Obtaining a kidney biopsy specimen should be considered in patients with acute kidney injury and a recent diagnosis of pancreatic ACC, MANC, or neuroendocrine carcinoma (which can resemble MANC morphologically), to exclude paraneoplastic cast nephropathy. The light microscopic morphology of REG1α cast nephropathy in the case presented here is identical to MCN (Table 2). Other types of cast nephropathy that can mimic MCN include chromogranin cast nephropathy associated with neuroendocrine neoplasms,S3 drug-induced cast nephropathy, such as associated with rifampin,S4 rapamycin,S5 or vancomycin,S6 and myoglobin and hemoglobin cast nephropathies.S7 The distinction from MCN is based on the lack of light chain restriction of casts on immunofluorescence and the clinical history.
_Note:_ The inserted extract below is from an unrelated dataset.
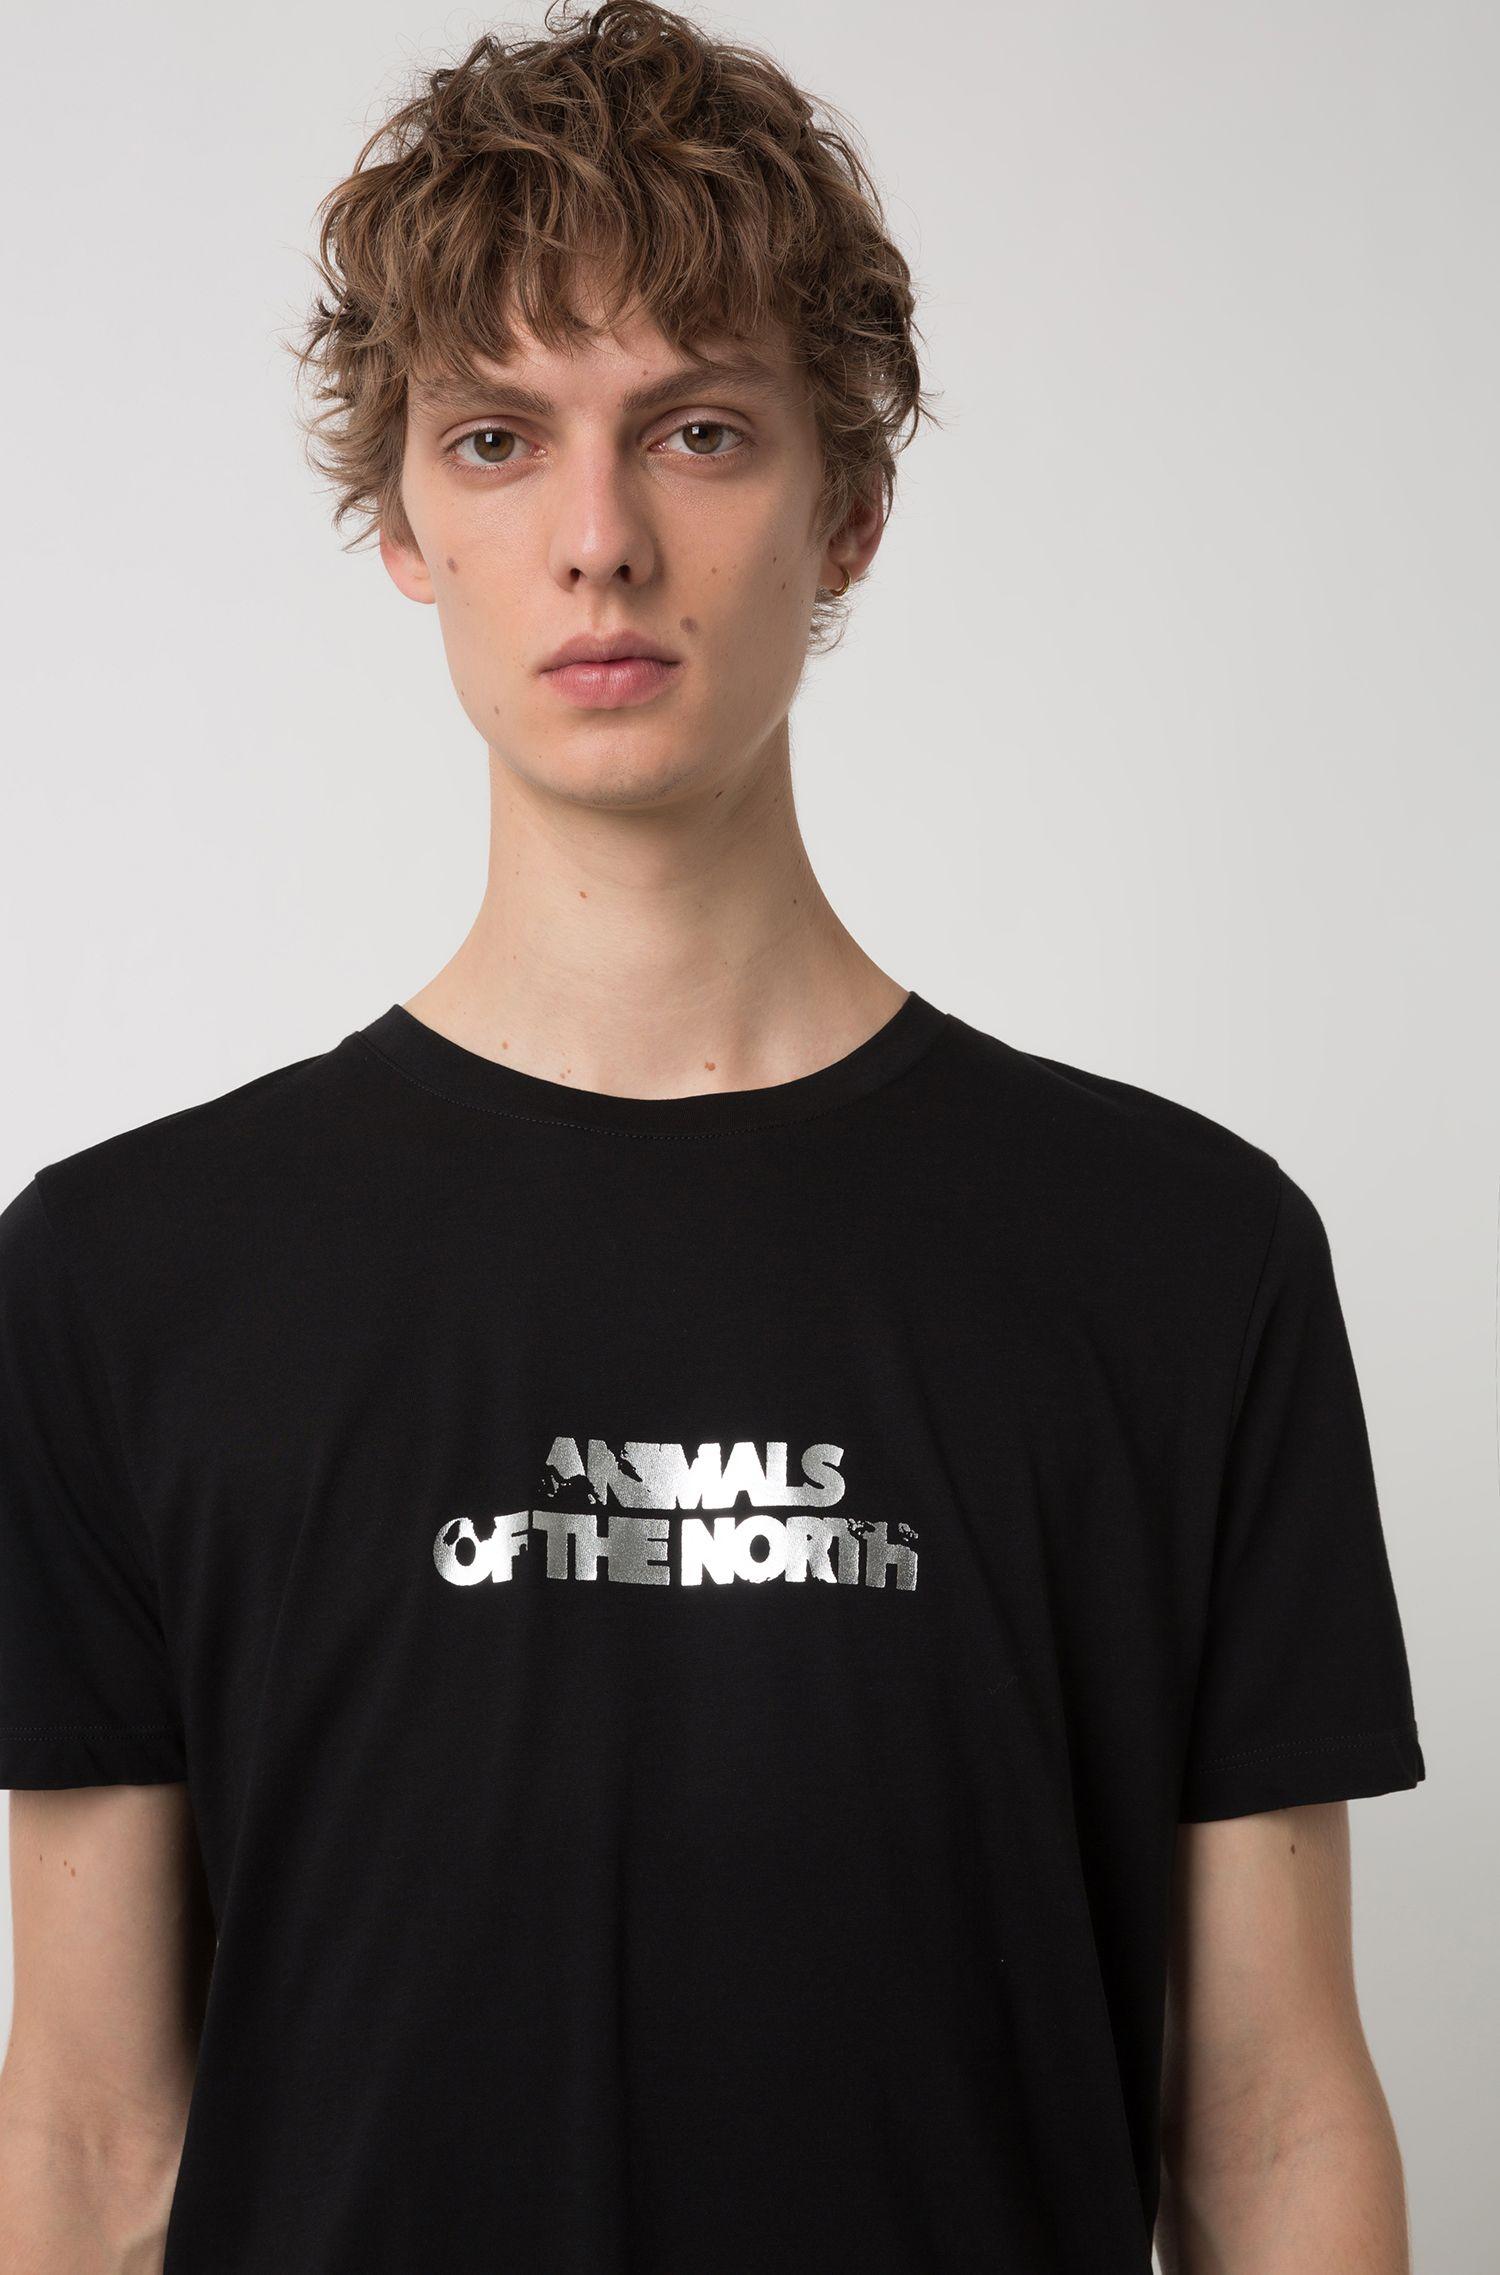 Single-jersey T-shirt with printed metallic slogan, Black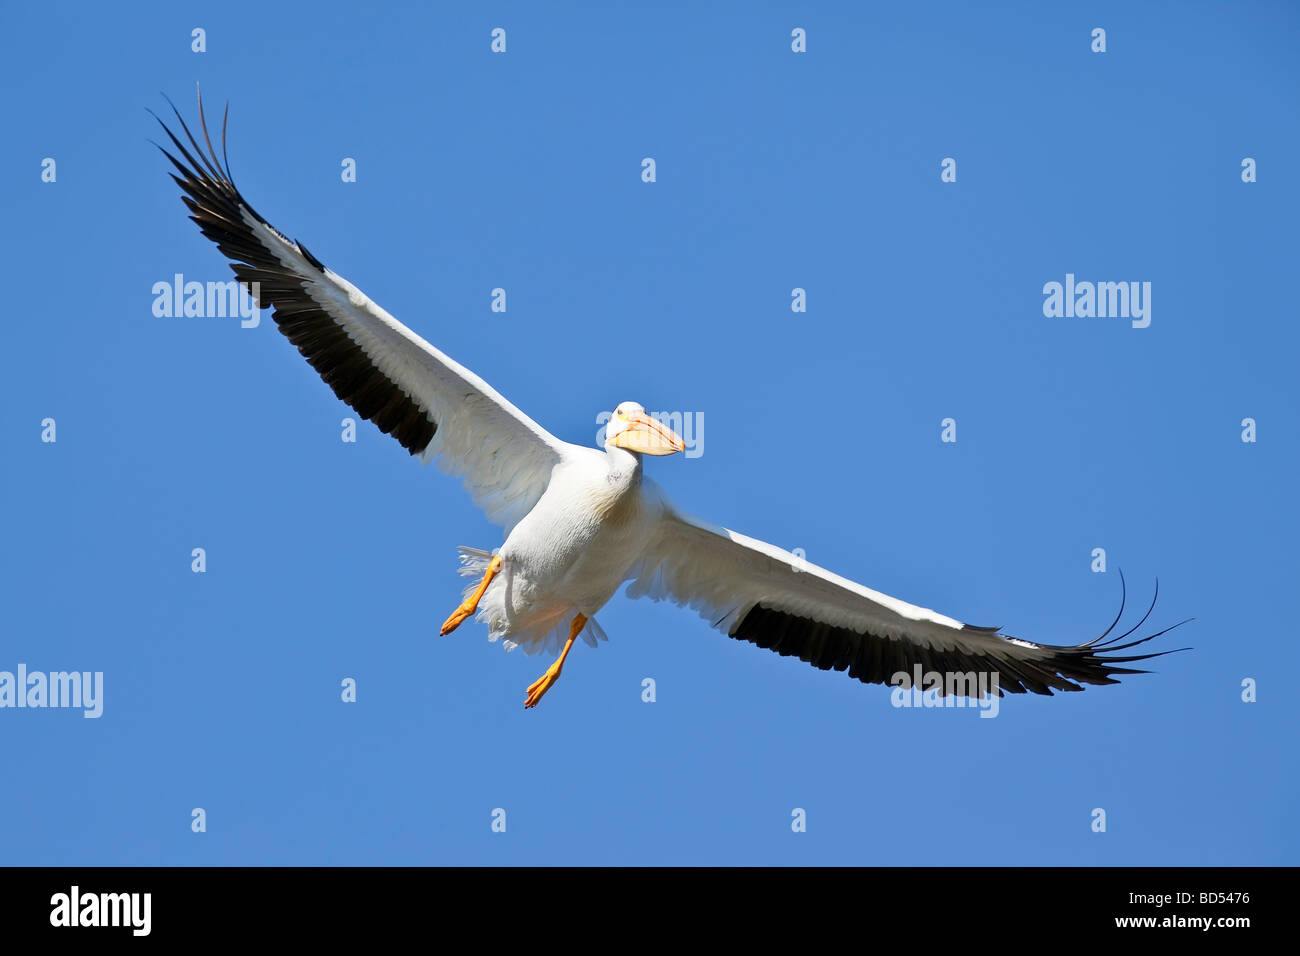 American White Pelican or Rough-billed Pelican (Pelecanus erythrorhynchos), in flight - Stock Image

Contrary to classic MCN, which typically exhibits a highly electron-dense granular or paracrystalline substructure, REG1 casts in this case were composed of randomly oriented amyloid-like fibrils. Therefore, the ultrastructural appearance can overlap with amyloidogenic MCN,S8 but unlike the latter, REG1 casts are hypereosinophilic on hematoxylin and eosin stain and negative on Congo red stain. Chromogranin casts were also reported to have a fibrillar texture, but contrary to REG1 casts, the fibrillary material is organized in parallel curvilinear bundles.S3 Tamm–Horsfall protein casts also have a fibrillar texture on EM but their ultrastructural appearance is different from amyloidogenic MCN and REG1 casts, and they are periodic acid–Schiff–positive and have a “frothy appearance” on light microscopy.S7,S9

Table 2

Teaching points

1	Solid cancer–secreted proteins can be nephropathic by forming obstructive tubular casts, resulting in acute kidney injury
2	Acinar cell carcinoma/mixed acinar-neuroendocrine carcinoma should be considered in the differential diagnosis of cast nephropathy when immunofluorescence fails to show light chain restriction of the casts or in the absence of laboratory evidence of multiple myeloma
3	Obtaining a kidney biopsy specimen should be considered in patients with acute kidney injury and recent diagnosis of pancreatic acinar cell carcinoma/mixed acinar-neuroendocrine carcinoma or neuroendocrine carcinoma, to exclude paraneoplastic cast nephropathy
4	In patients with myeloma-like cast nephropathy, proteomic analysis is a useful tool to determine the composition of casts and may provide insights into its pathophysiology

Conclusion

This report provides supportive evidence that solid cancer–secreted proteins can cause acute kidney injury by forming obstructive distal tubular casts, a largely uncharacterized pathomechanism for carcinoma-associated nephropathy.

Disclosure

This case discussed was part of a study on nonmyelomatous cast nephropathy, for which an institutional review board approval and waiver of consent from the patient’s family have been obtained. All the authors declared no competing interests.